This paper introduces a physically-based model to simulate interactions between a building and its outdoor conditions at the urban microscale. In the model, the building is simulated with EnergyPlus while its outdoor conditions are assessed from OpenFOAM. Furthermore, the model simulates the street pavement and surrounding buildings based on the lumped thermal theory. All components of the model are quasi-dynamically co-simulated. Through simulations of the model, waste heat releases from a cooling system can be observed with a higher resolution than this achieved by most urban microclimate models in the literature. Unlike several methods in the literature, the model evaluates a countermeasure to urban heat islands by considering direct and indirect effects simultaneously. To validate the model, measurements were collected during a field experiment in an university campus. Comparing measurements to estimates, the model seems to properly approximate the outdoor temperature and the air motion. However, a discrepancy is observed between estimates and measurements of the surface temperature. The discrepancy could be minimised if a better consideration of the net-longwave radiation was possible when co-simulating EnergyPlus. After some improvements, the model could become a support tool to mitigate urban heat islands and climate change in different regions of the world.

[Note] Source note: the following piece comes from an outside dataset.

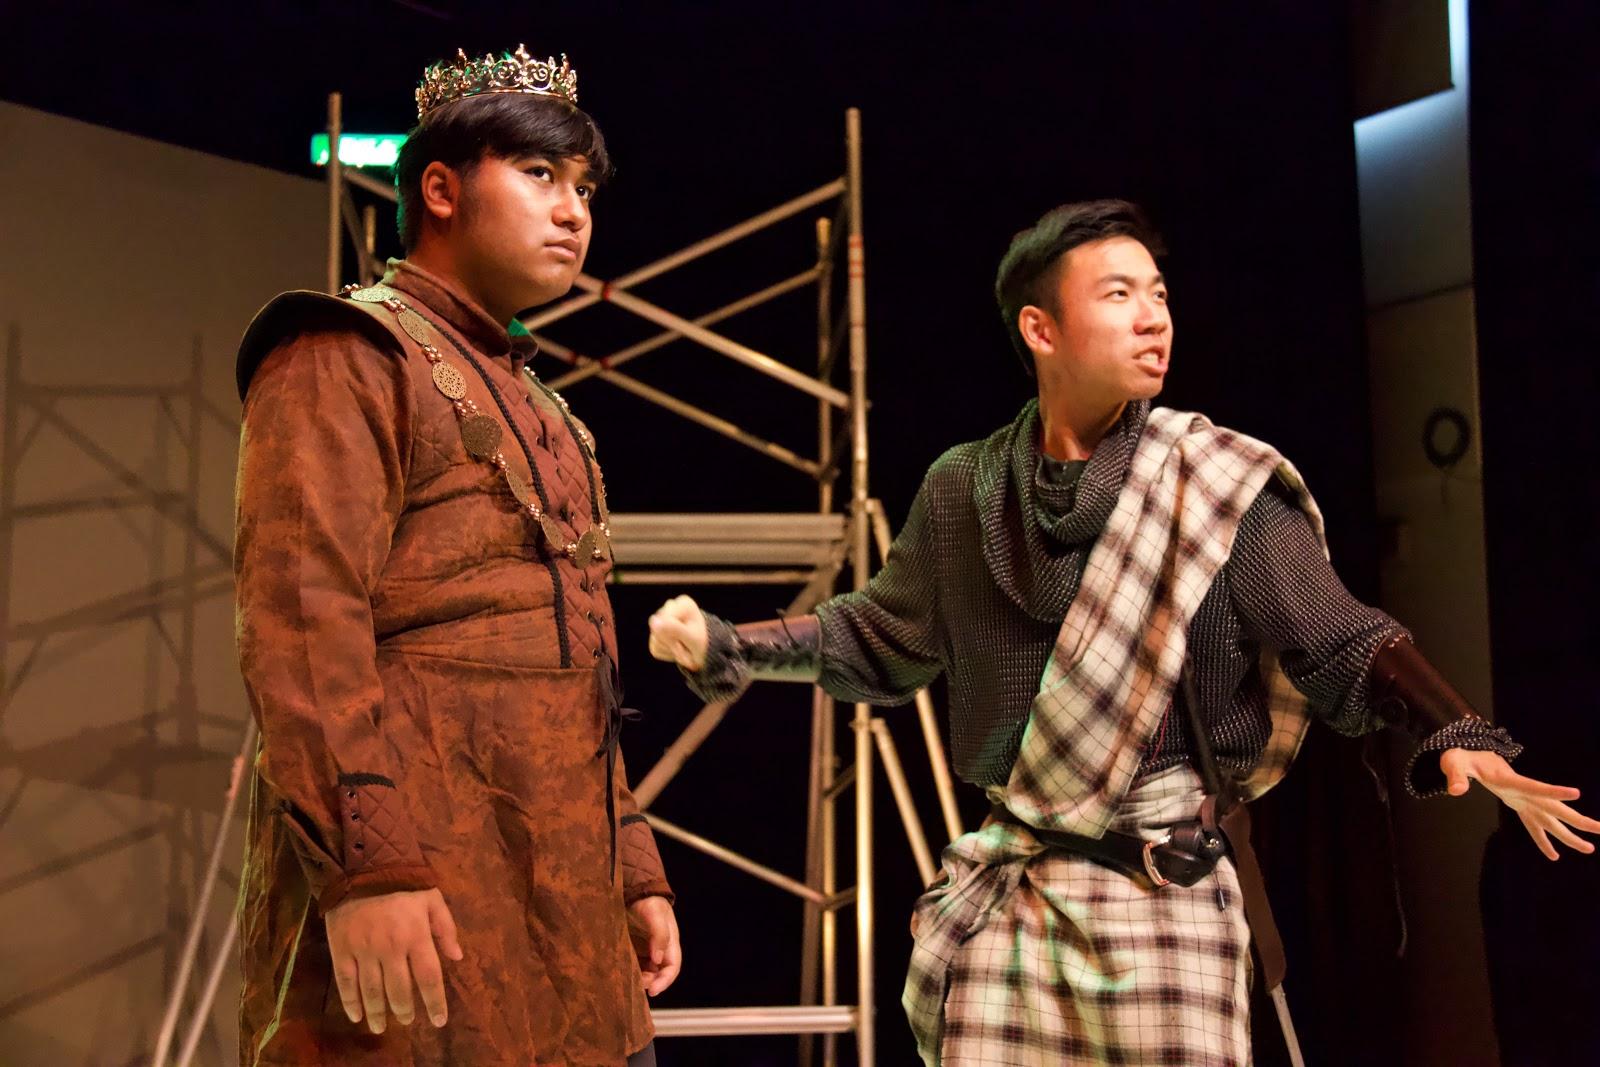 Drama image from Macbeth

本文介绍了一种基于物理的模型，以模拟建筑物及其在城市微观尺度上的室外条件之间的相互作用。在模型中，使用EnergyPlus对建筑物进行仿真，同时通过OpenFOAM评估其室外条件。此外，该模型基于集总热学原理模拟了街道的路面和周围的建筑物。该模型的所有组件都是准动态协同仿真的。通过模型的仿真，可以观察到从冷却系统释放的废热，其分辨率高于文献中大多数城市微气候模型所实现的分辨率。与文献中的几种方法不同，该模型通过同时考虑直接和间接影响来评估城市热岛的对策。为了验证模型，测量是在大学校园中进行的野外实验中收集的。将测量值与估计值进行比较，该模型似乎可以正确地估算室外温度和空气运动。然而，在表面温度的估计和测量之间观察到差异。如果在共同仿真EnergyPlus时可以更好地考虑净长波辐射，则可以将差异最小化。经过一些改进后，该模型可以成为缓解世界不同地区的城市热岛和气候变化的支持工具。如果在共同仿真EnergyPlus时可以更好地考虑净长波辐射，则可以将差异最小化。经过一些改进后，该模型可以成为缓解世界不同地区的城市热岛和气候变化的支持工具。如果在共同仿真EnergyPlus时可以更好地考虑净长波辐射，则可以将差异最小化。经过一些改进后，该模型可以成为缓解世界不同地区的城市热岛和气候变化的支持工具。